Supplied data:
###
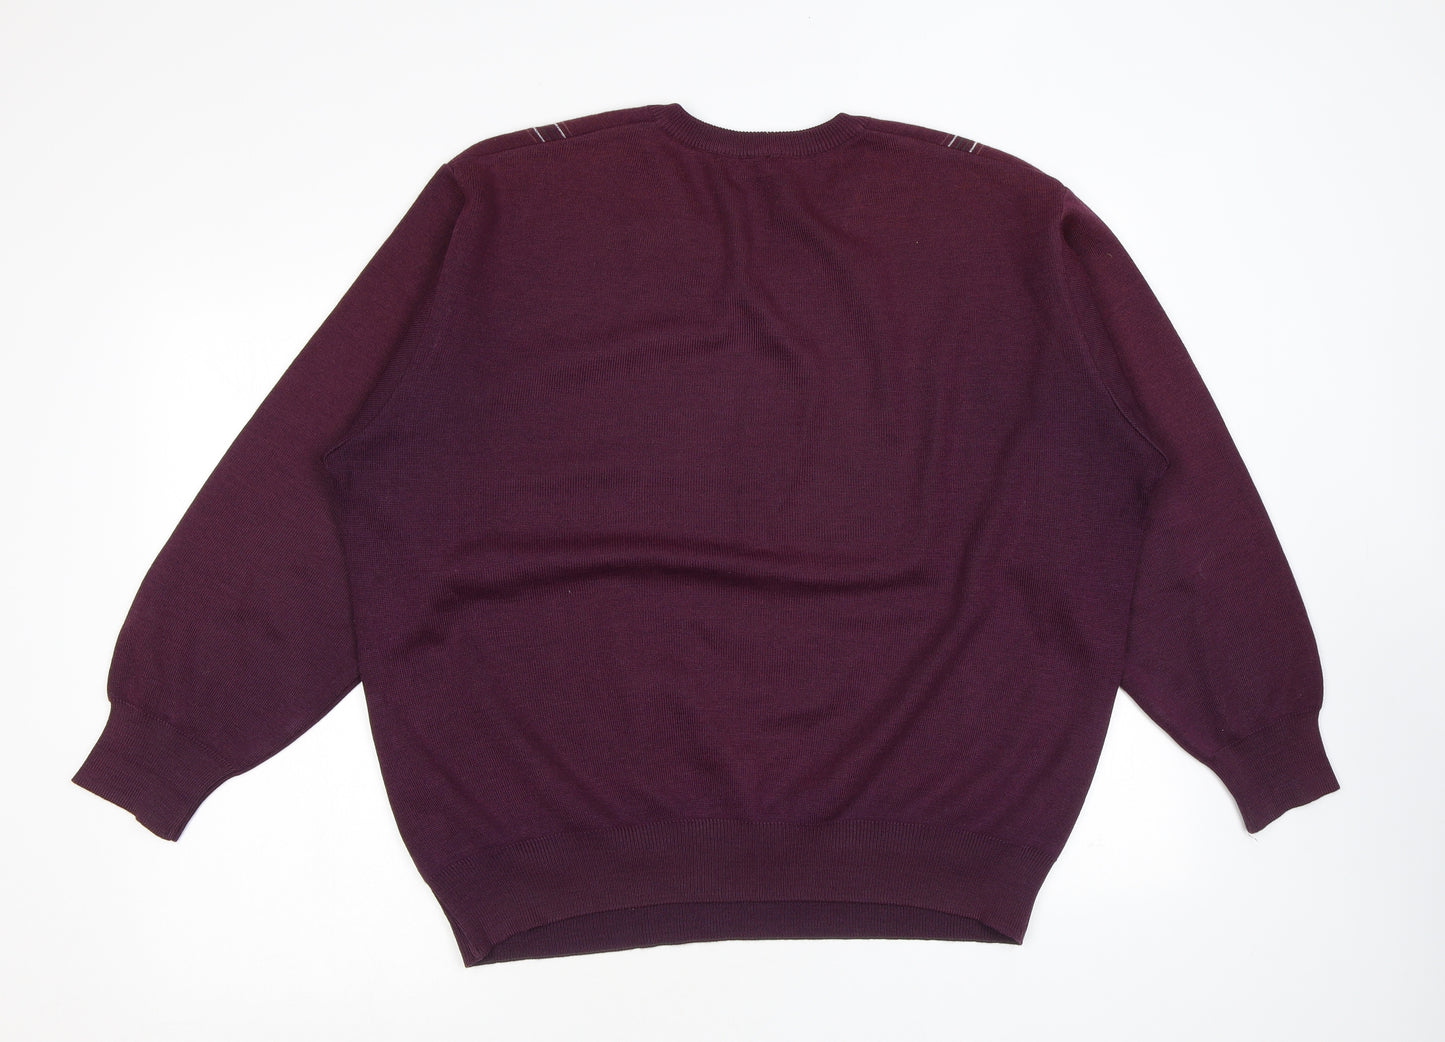 Gabicci Mens Purple V-Neck Check Wool Pullover Jumper Size 2XL Long Sleeve
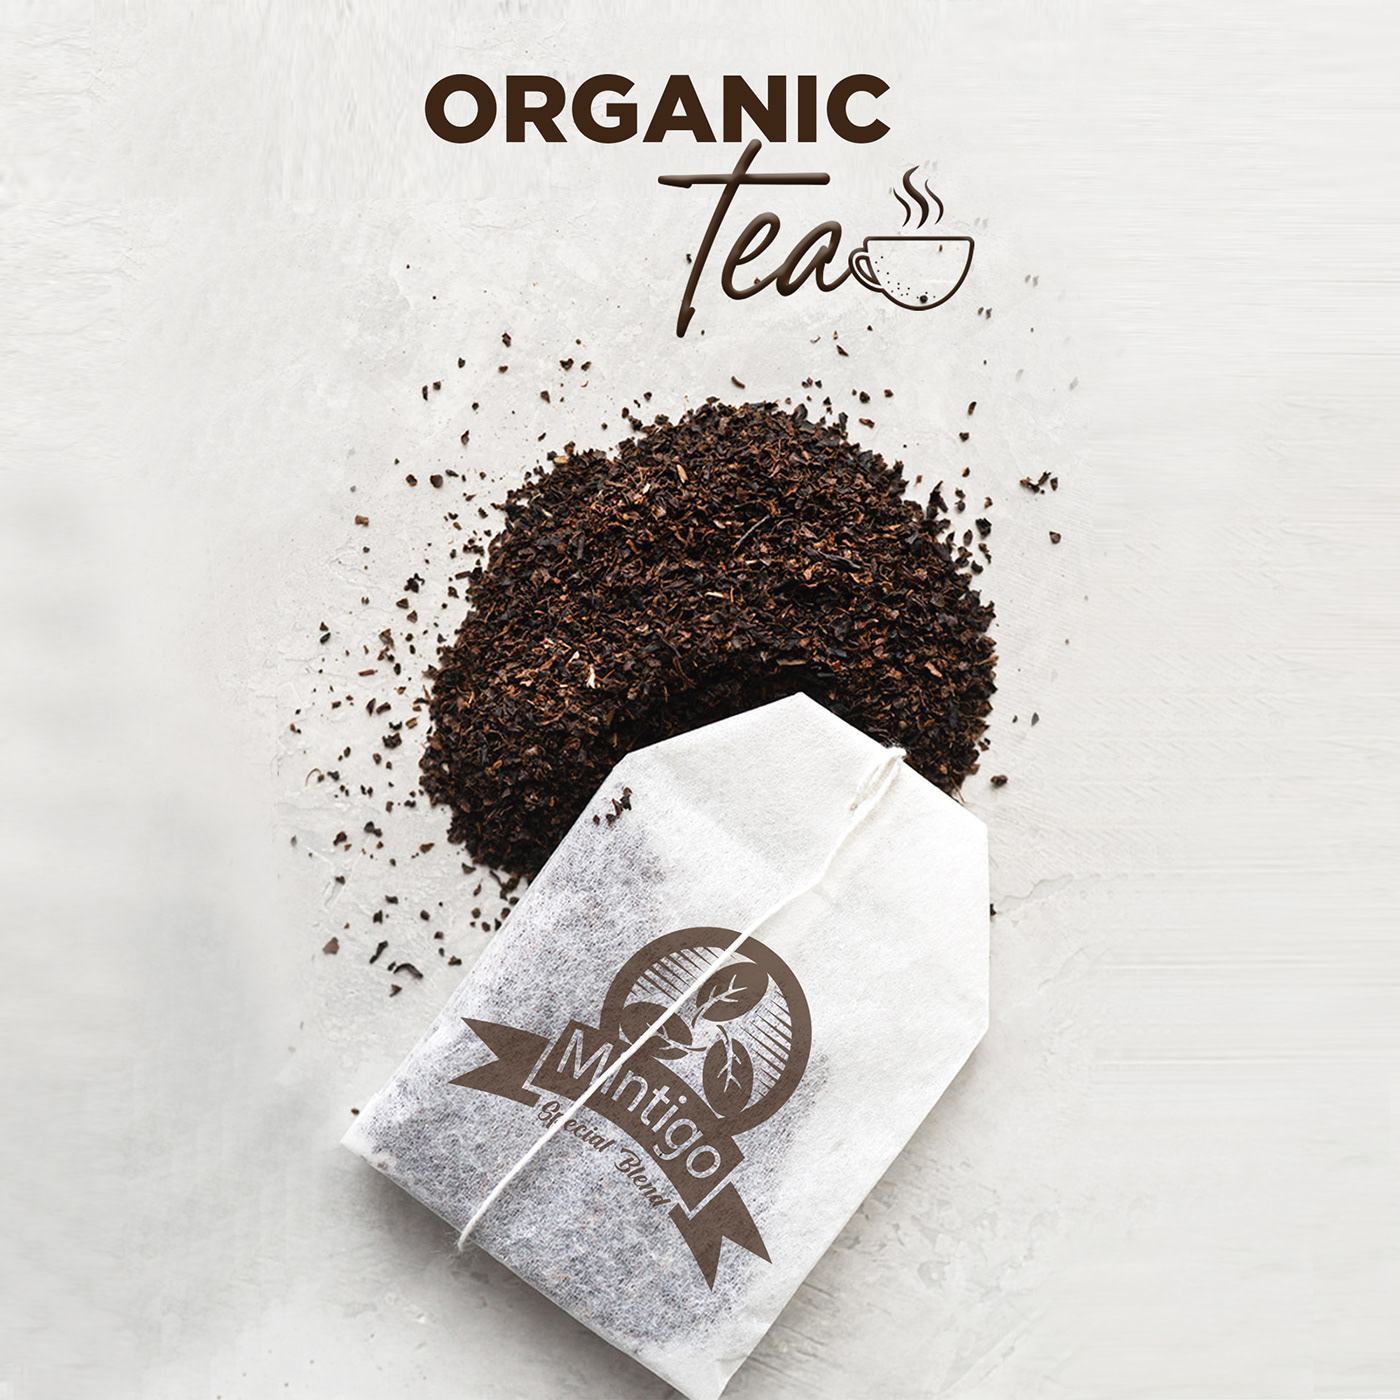 ads Advertising  fresh Greentea marketing   Social media post tea teabag
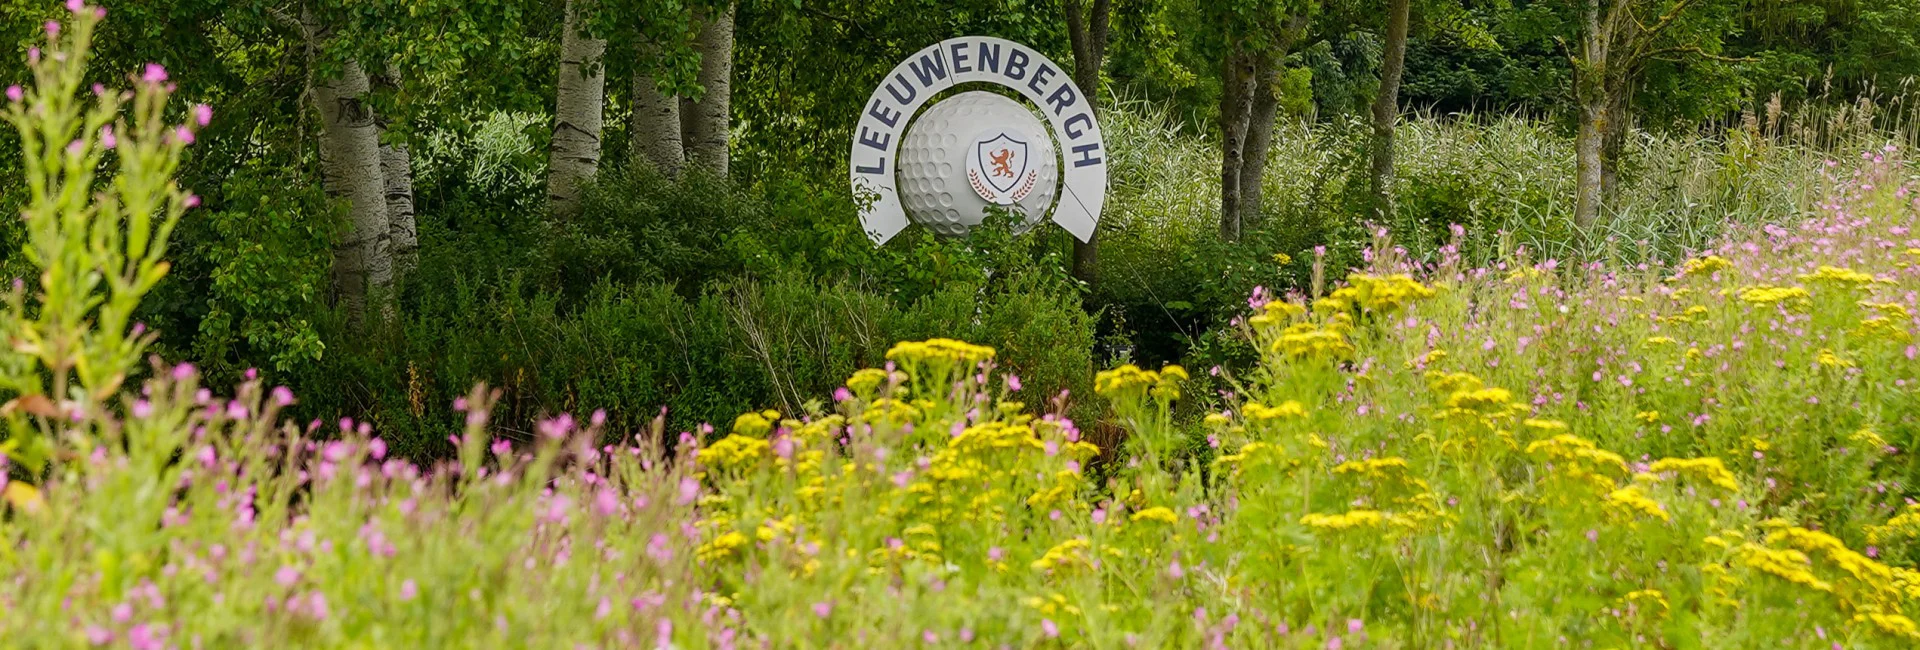 Unieke workshop op Golfpark Leeuwenbergh
###
Exercise objective: Each line above should be set down exactly as written, with pictures excluded.

Written answer:
 Gabicci Mens Purple V-Neck Check Wool Pullover Jumper Size 2XL Long Sleeve
 ads Advertising  fresh Greentea marketing   Social media post tea teabag
 Unieke workshop op Golfpark Leeuwenbergh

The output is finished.